Keywords: Healthcare, Accessible, Light-weighted, Neural Network, AI

1. Introduction

Modern healthcare systems are often challenged by the growing demand for accessible and timely medical care. In countries with large populations or limited medical infrastructure, patients may face long waiting times for consultations or misdiagnosis due to overloaded healthcare providers. Additionally, the lack of access to medical professionals in rural or remote areas further exacerbates the problem. In this context, AI-based diagnostic assistants offer an innovative solution.
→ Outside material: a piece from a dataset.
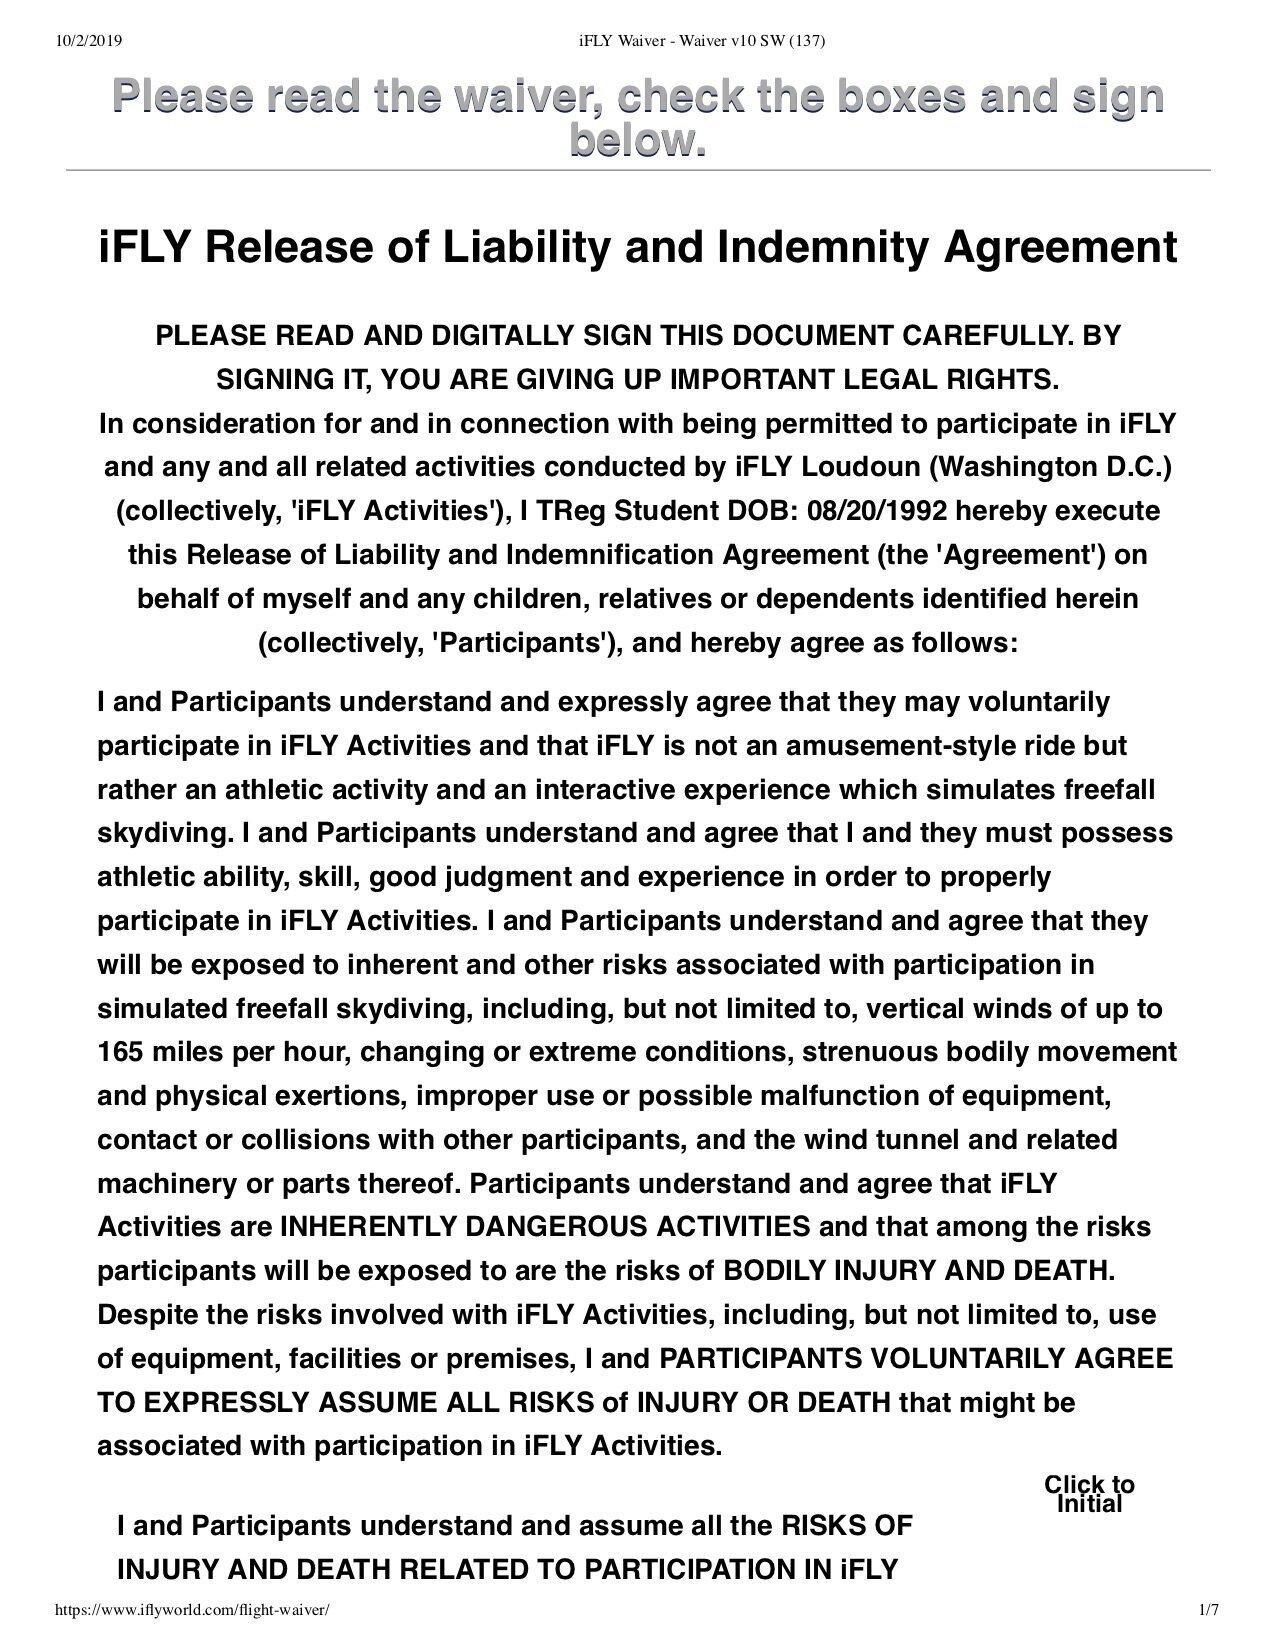 Copy+of+Flight+Waiver+-+iFLY+Holdings,+Inc.jpg
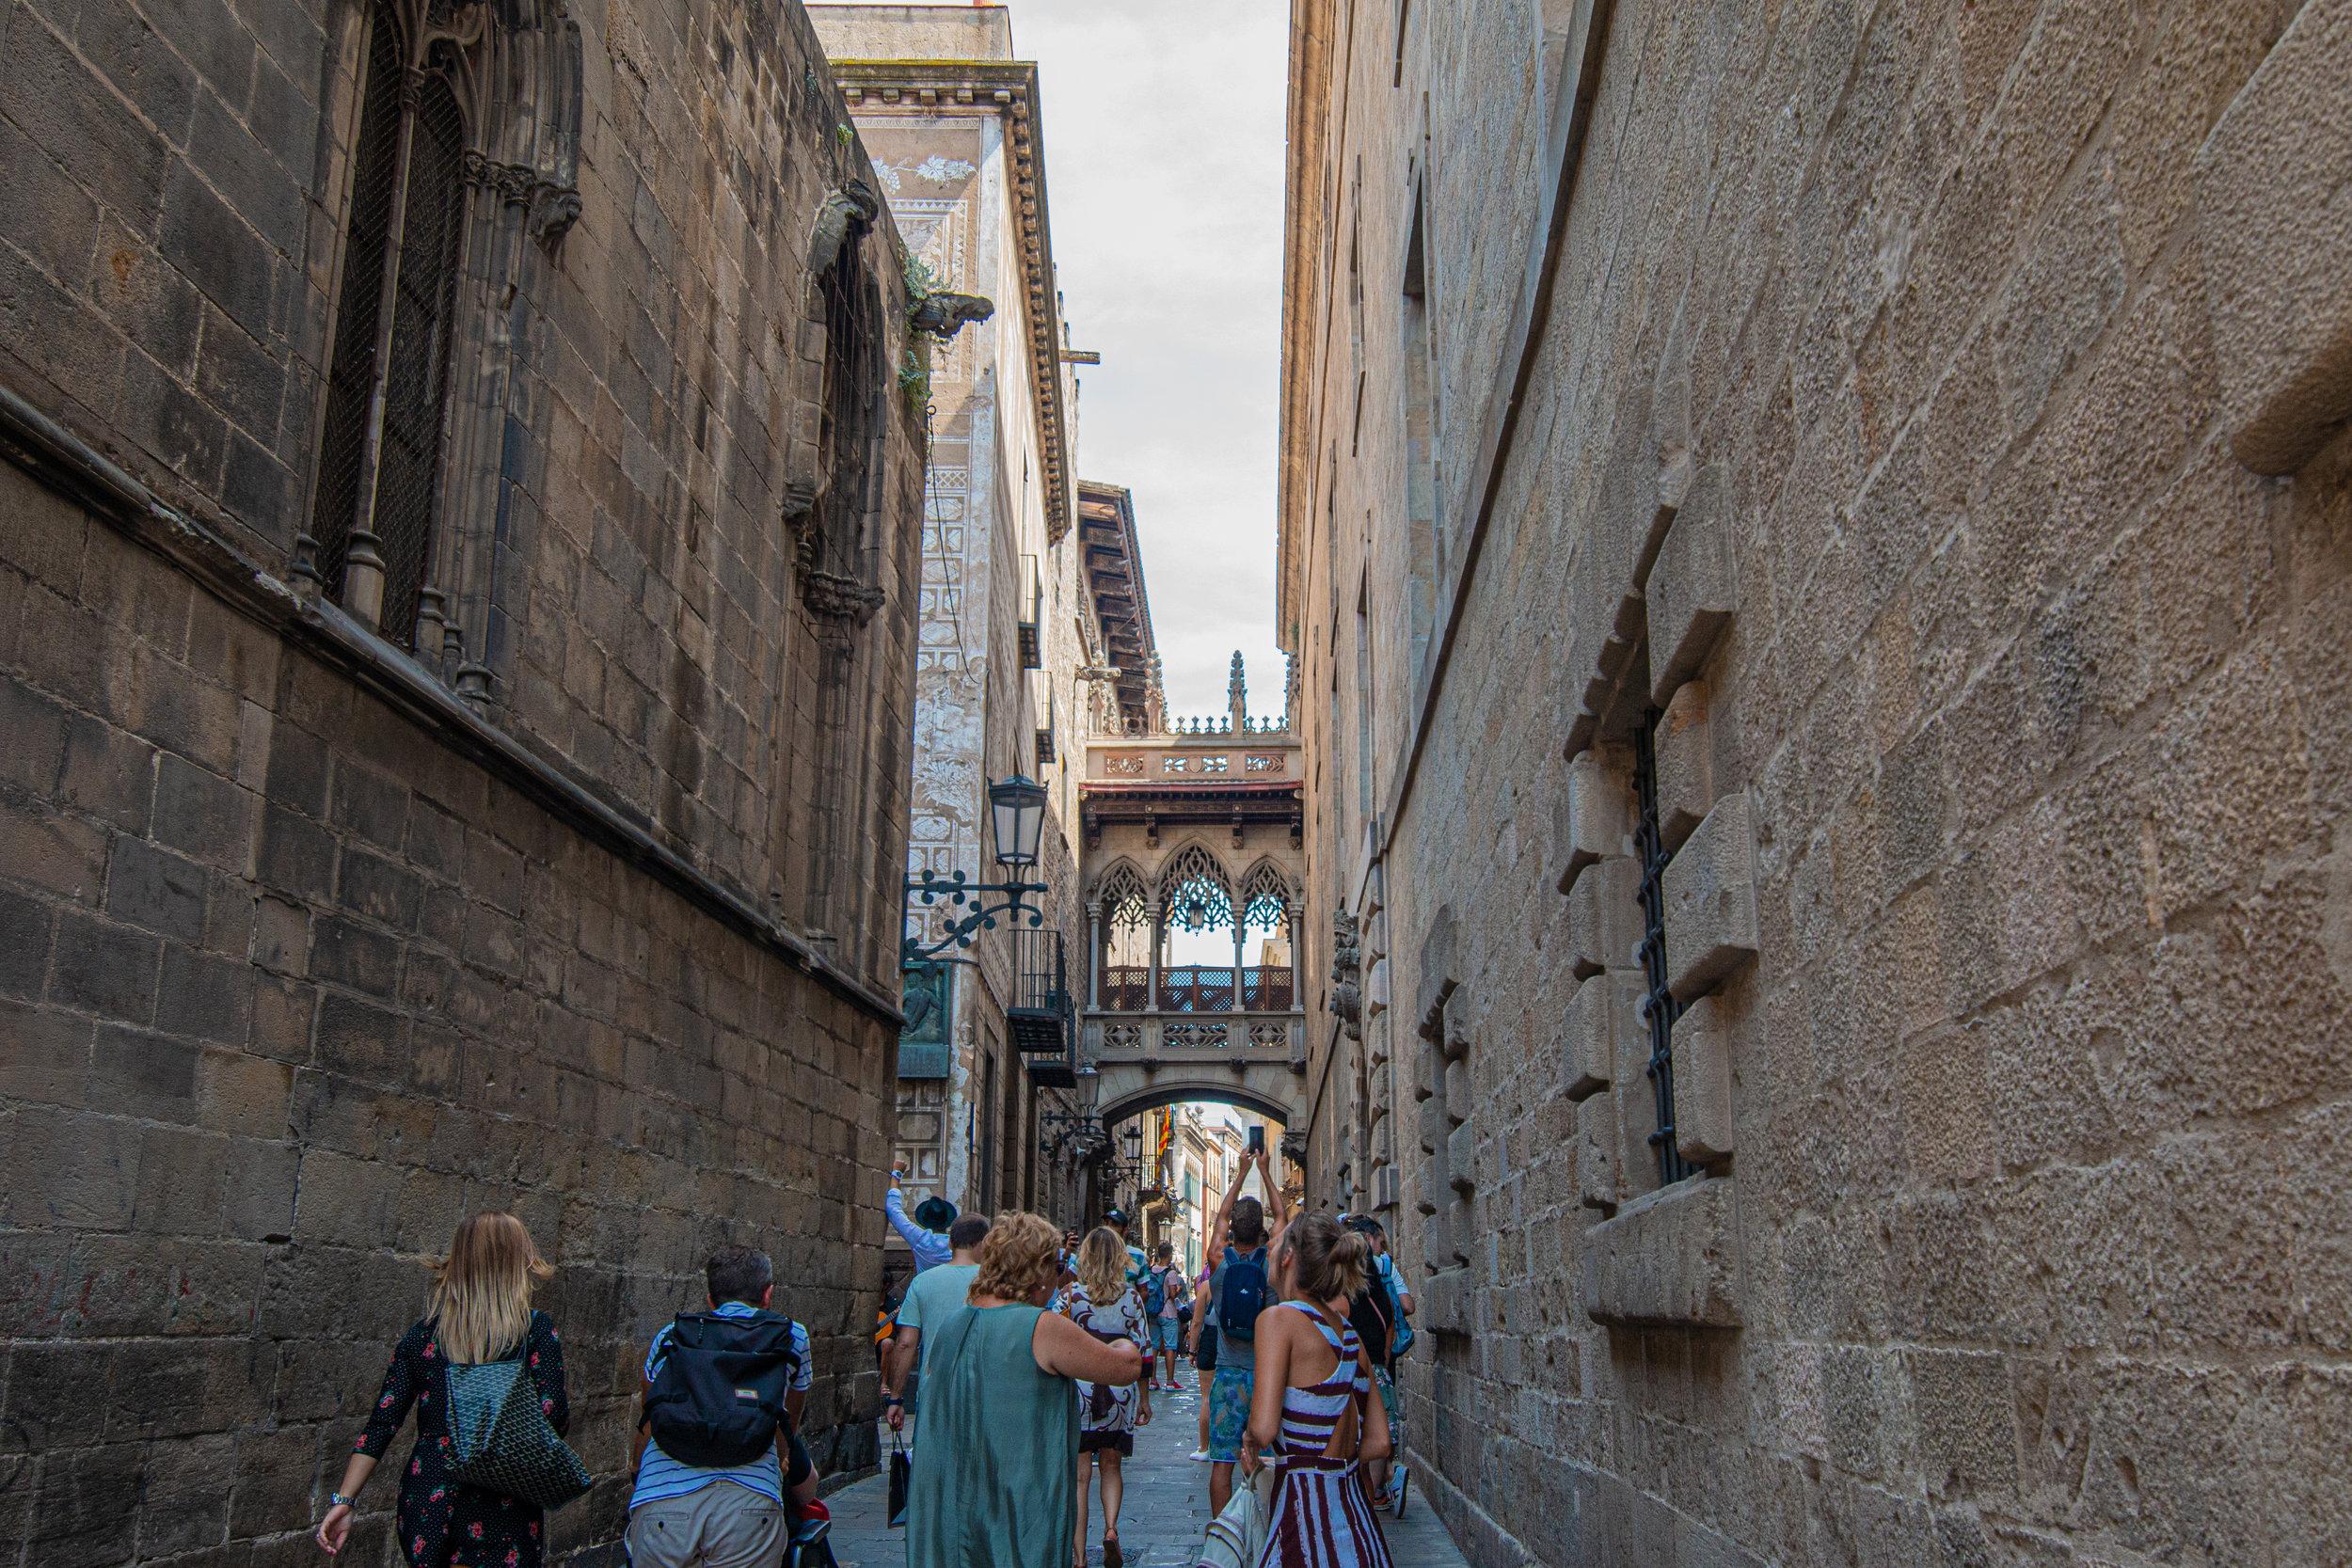 Barcelona-Gotico-6.jpg

However, many existing tools are either commercially restricted, too complex for laypeople to use, or lack adaptability. This research seeks to address these shortcomings through the development of an AI-driven medical assistant that accurately predicts diseases based on symptoms, freely accessible, lightweighted and fast, feedback-enabled, and scalable. The problem this research tackles can be summarized by the following core questions:

- Can AI be used to make accurate predictions about diseases based solely on symptom input?

- Can such a system be made accessible and intuitive enough for public use?

- Can feedback from users be used to improve and adapt the model over time?

1.1 Neural Networks

A neural network is a machine learning system designed to mimic the organization of the human brain. It consists of interconnected layers of nodes known as neurons. The input layer receives raw data, and the output layer produces the final output. Computation occurs in the hidden layers, which transform the input into the output [1]. A neural network’s identification of patterns in data by adjusting the weights of connections between neurons is the most important objective of using it. During training, the network receives a set of labeled samples and updates its weights based on the differences between predicted and actual output. After training, the network can be used to make predictions or decisions using new input data [2].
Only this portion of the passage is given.